The Ed Sullivan Theater has hosted Broadway talent before. The crossover between New York City’s theater community and its late night television community has always been natural — both industries inhabit the same city, draw from the same creative pool, and share a fundamental belief in the power of live performance to do something that recorded and edited content cannot.
But the Broadway segment that aired during Colbert’s farewell run — featuring Annaleigh Ashford, Bernadette Peters, and Ben Platt among others — was not a standard celebrity booking or a promotional appearance tied to a current production. It was something more deliberately assembled and more emotionally resonant than that.
What the Segment Represented
Annaleigh Ashford brings to any stage a specific quality that is immediately recognizable and entirely her own — a combination of technical vocal excellence and emotional immediacy that makes everything she performs feel both perfectly crafted and completely genuine. Her presence in the farewell run is a statement about the kind of artistry the Late Show has always celebrated.
Bernadette Peters is American theater royalty in the most literal and most deserved sense of the phrase.
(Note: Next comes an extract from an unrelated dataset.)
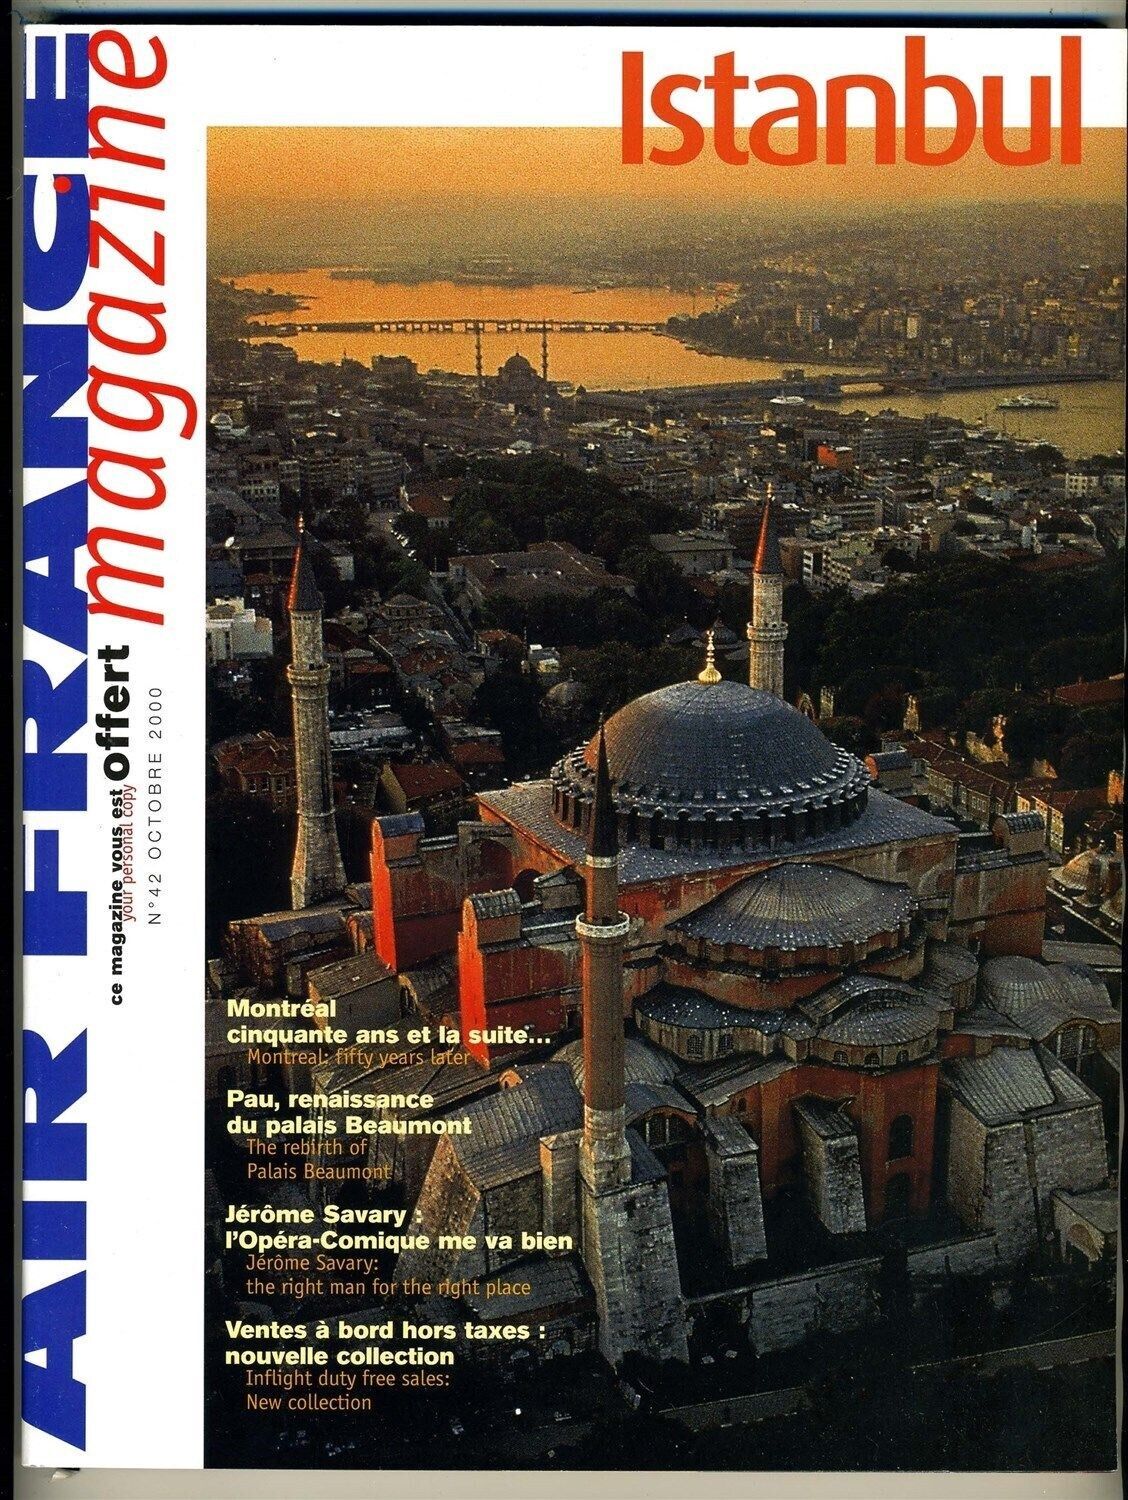 Air France In Flight Magazine October 2000 Istanbul Cover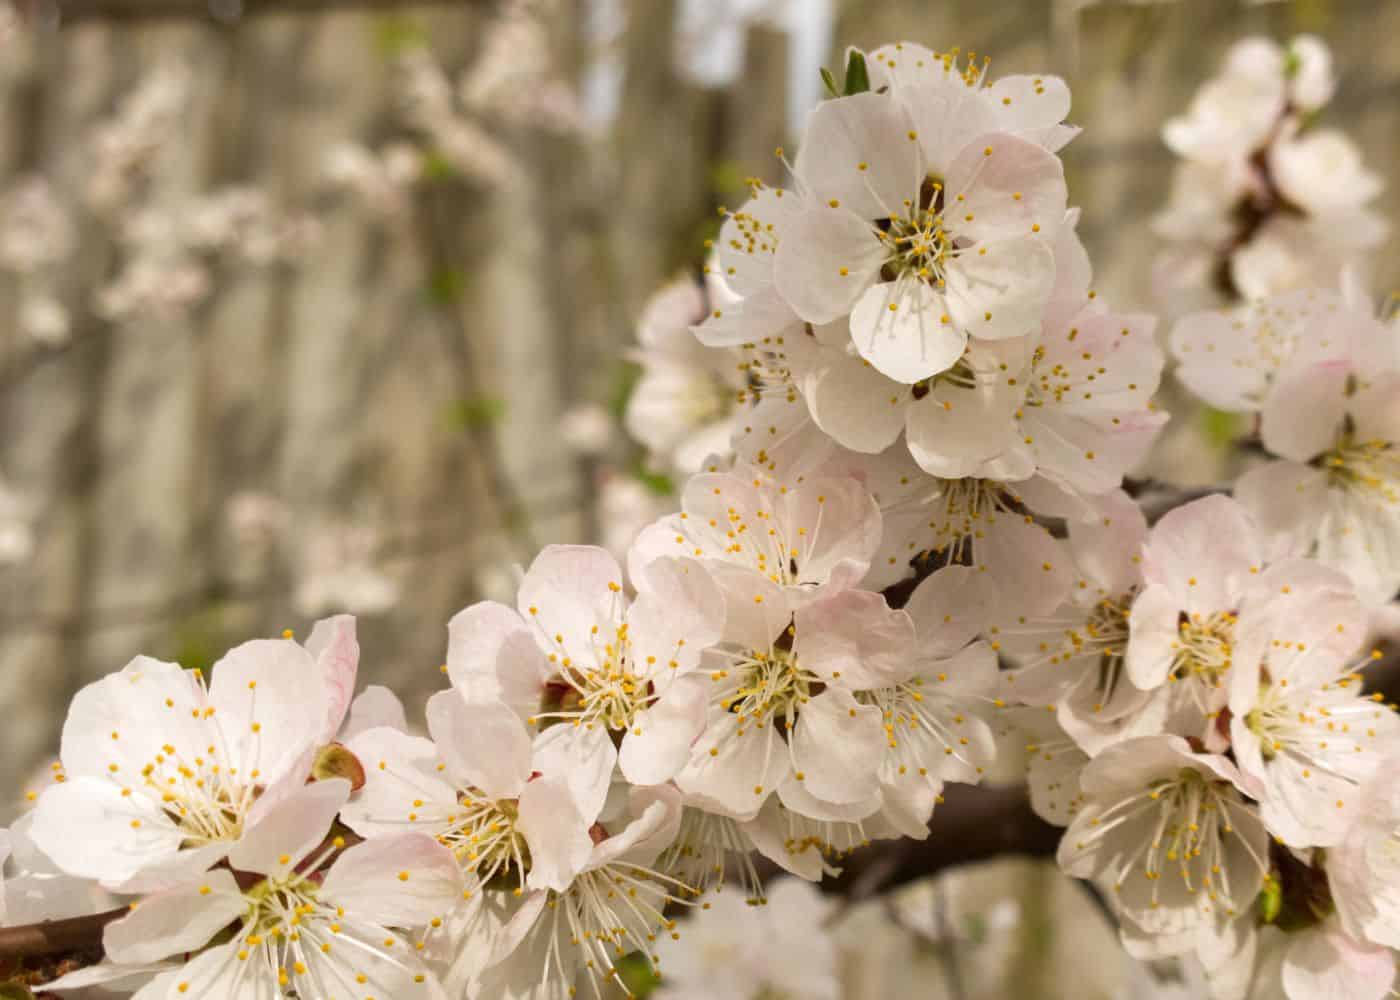 Apricot blossoms in spring

Her career spans six decades of Broadway excellence that has made her one of the defining voices in the history of the American musical. Her appearance on Colbert’s farewell stage is the theater world’s way of paying its respects to a television institution — one performing artist acknowledging another across the disciplinary line that separates Broadway from late night.
Ben Platt brings the generational bridge — a performer whose work has connected the Broadway tradition to a younger audience that discovered him through Dear Evan Hansen and has followed him across every subsequent creative project with the kind of devoted attention that careers are built on.
Why Broadway Belongs in This Farewell
Colbert’s Late Show has always had a deeper relationship with the theater community than most late night programs — a reflection of his own artistic sensibilities and his genuine love for the form that has produced some of the show’s most memorable musical and theatrical moments across eleven years.
Bringing Broadway into the farewell run is not a booking strategy. It is Colbert saying something specific about what he values, what he has tried to create, and what he will miss. The Ed Sullivan Theater has always been a stage. In the final weeks, he is letting it be fully what it was always meant to be.